Researchers say that nearly 1 million devices running older versions of Microsoft Windows remain vulnerable to a recently discovered flaw ‘BlueKeep‘, in Microsoft’s Remote Desktop Protocol service that could enable attackers to use a worm-like exploit to take over unpatched machines. Microsoft’s flaw could also open the door to a WannaCry-like cyber attack.
This vulnerability is designated as CVE-2019-0708 and named BlueKeep, can be exploited by miscreants to execute malicious codes and install malware on vulnerable machines without the requirement for any user authentication: a hacker just has to be able to reach the box across the internet or network in order to commandeer it.
Since nearly 1 million devices a still vulnerable, “That means when the worm hits, it’ll likely compromise those million devices,” said Robert Graham, a researcher with Errata Security in a Tuesday analysis. He further added, “This will likely lead to an event as damaging as WannaCry and notPetya from 2017 – potentially worse, as hackers have since honed their skills exploiting these things for ransomware and other nastiness.”
Nearly, two weeks ago, Microsoft released security patches for systems going back to Windows XP to kill off this bug, and everyone is urged to install them.

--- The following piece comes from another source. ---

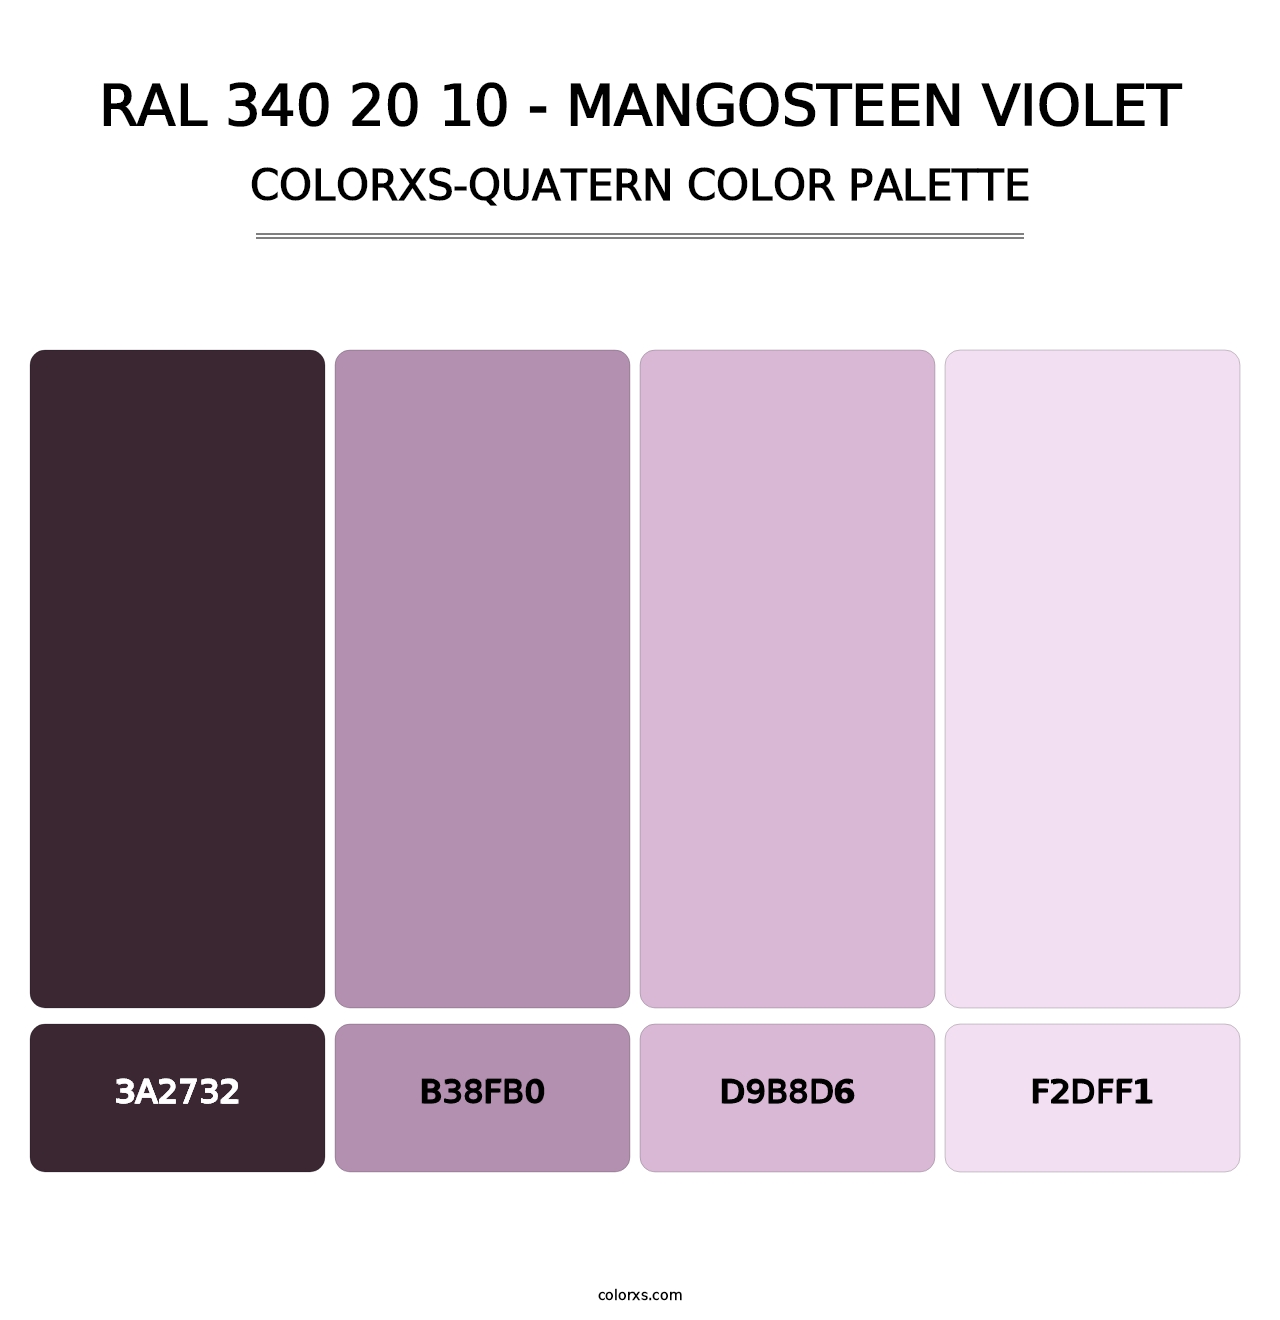 RAL 340 20 10 - Mangosteen Violet - Colorxs Quatern Palette

However, “The upshot is that these tests confirm that roughly 950,000 machines are on the public internet that are vulnerable to this bug,” Graham said. “Hackers are likely to figure out a robust exploit in the next month or two and cause havoc with these machines.”
“You may have only one old WinXP machine that’s vulnerable, that you don’t care if it gets infected with ransomware. But that machine may have a Domain Admin logged in, so that when the worm breaks in, it grabs those credentials and uses them to log onto the Domain Controller,” Graham writes. “Then, from the Domain Controller, the worm sends a copy of itself to all the desktop and servers in the organization, using those credentials instead of the vuln.”
Microsoft has also said that administrators can switch on Network Level Authentication (NLA) for Remote Desktop Services Connections on vulnerable systems to effectively block attacks.